Nvidia also revealed it had received requests for information from regulators in the US and South Korea, adding to earlier inquiries from the EU, UK and China, raising concerns of increased regulatory scrutiny of the company.

“After the Justice Department’s victory over Google, big tech companies have to be more mindful of regulatory intervention… historically, the threat was kind of ineffective. But now that they’ve gotten this victory over Google, investors have to pay a little bit more attention,” Barringer said.

The mediocre response to Nvidia earnings report It could help set the tone for market sentiment In September, the S&P 500 fell 0.8% on average since World War II, the worst performance of any month, according to CFRA data.

Investors are also looking to next week’s U.S. jobs report for signs of whether the labor market weakness that roiled stocks in early August has dissipated.

Optimism about artificial intelligence technology, in part due to Nvidia’s explosive growth, has driven gains on Wall Street over the past year.

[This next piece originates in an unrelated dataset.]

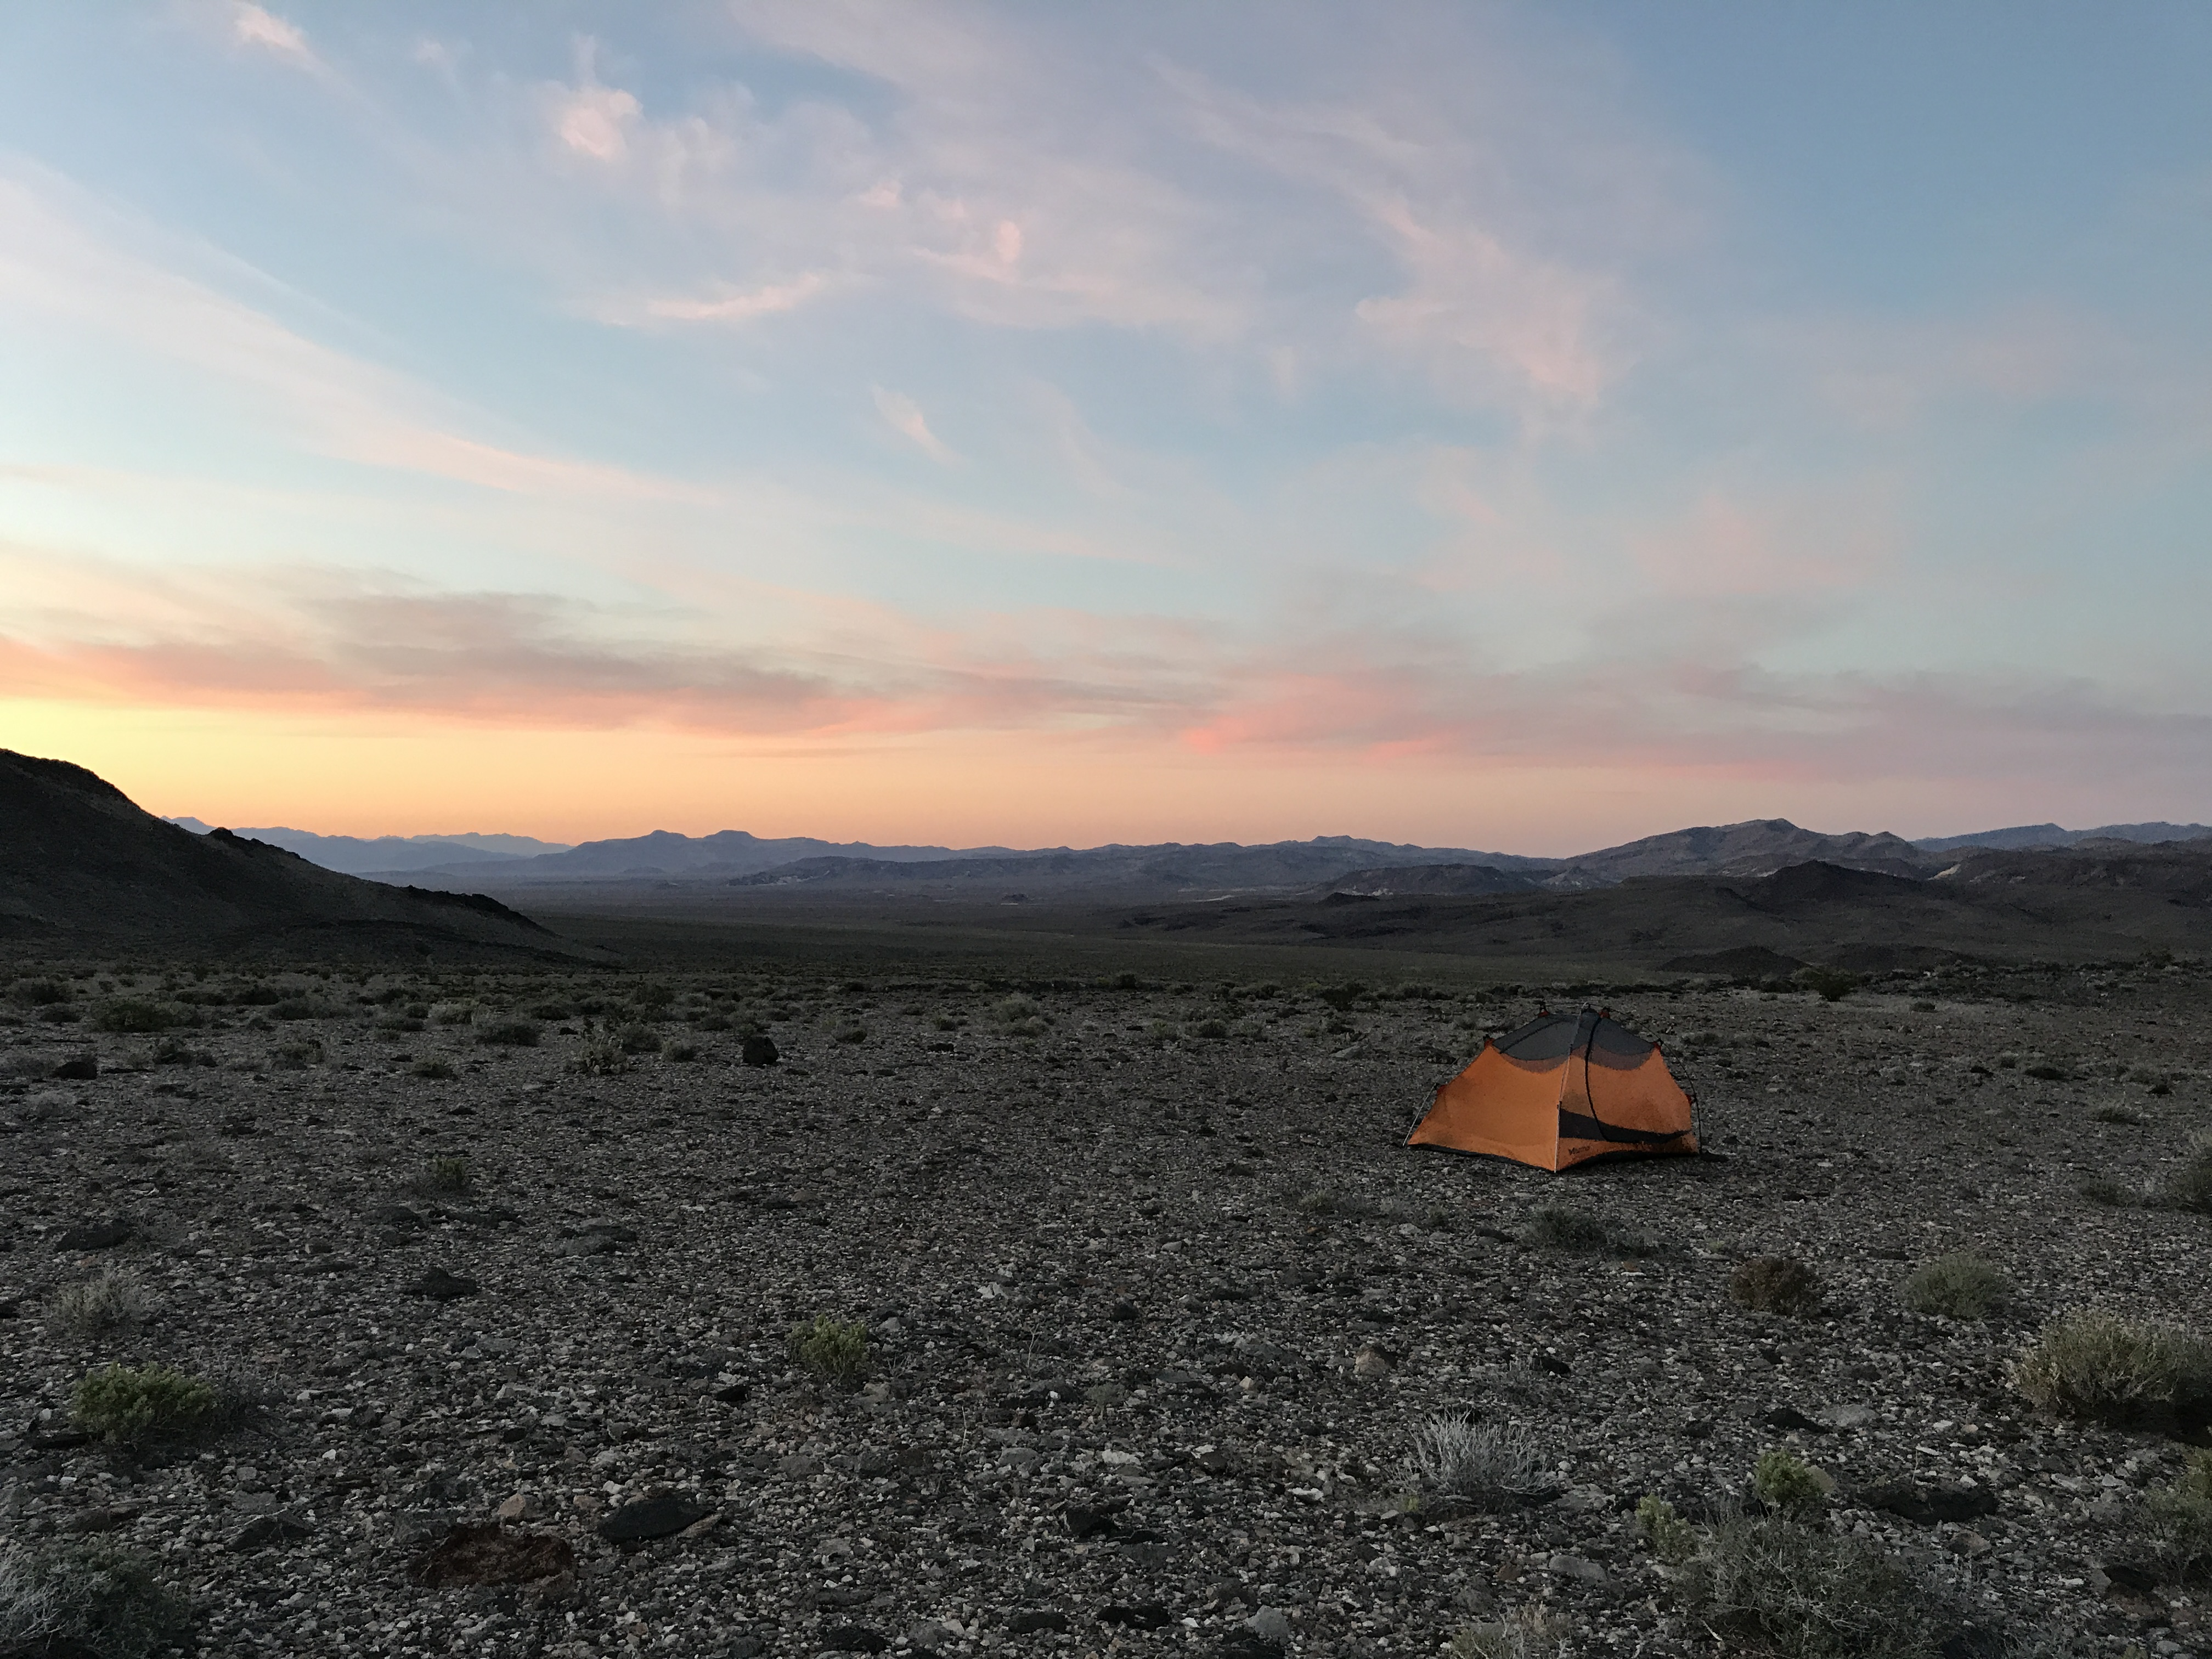 Early morning Pyramid Peak base camp

But confidence in that rebound has been shaken in recent weeks following an earnings season in which investors punished shares of technology companies whose results failed to justify lofty valuations.

According to LSEG data, Nvidia expects revenue of $32.5 billion, with a margin of error of 2%, for the fiscal third quarter, compared with analyst estimates of $31.8 billion. That revenue forecast implies 80% growth from the same quarter last year.

The Santa Clara, California-based company expects an adjusted gross margin of 75%, plus or minus 50 basis points, in the third quarter. Analysts, on average, forecast a gross margin of 75.5%.

Nvidia shares fell 2.1% in Wednesday’s session ahead of its report. They are still up about 150% so far in 2024, making them the biggest winners of Wall Street’s artificial intelligence rally.

The stock was valued at 36 times earnings before its quarterly report, a cheap figure compared with its average of 41 over the past five years. The S&P 500 is trading at 21 times expected earnings, compared with a five-year average of 18.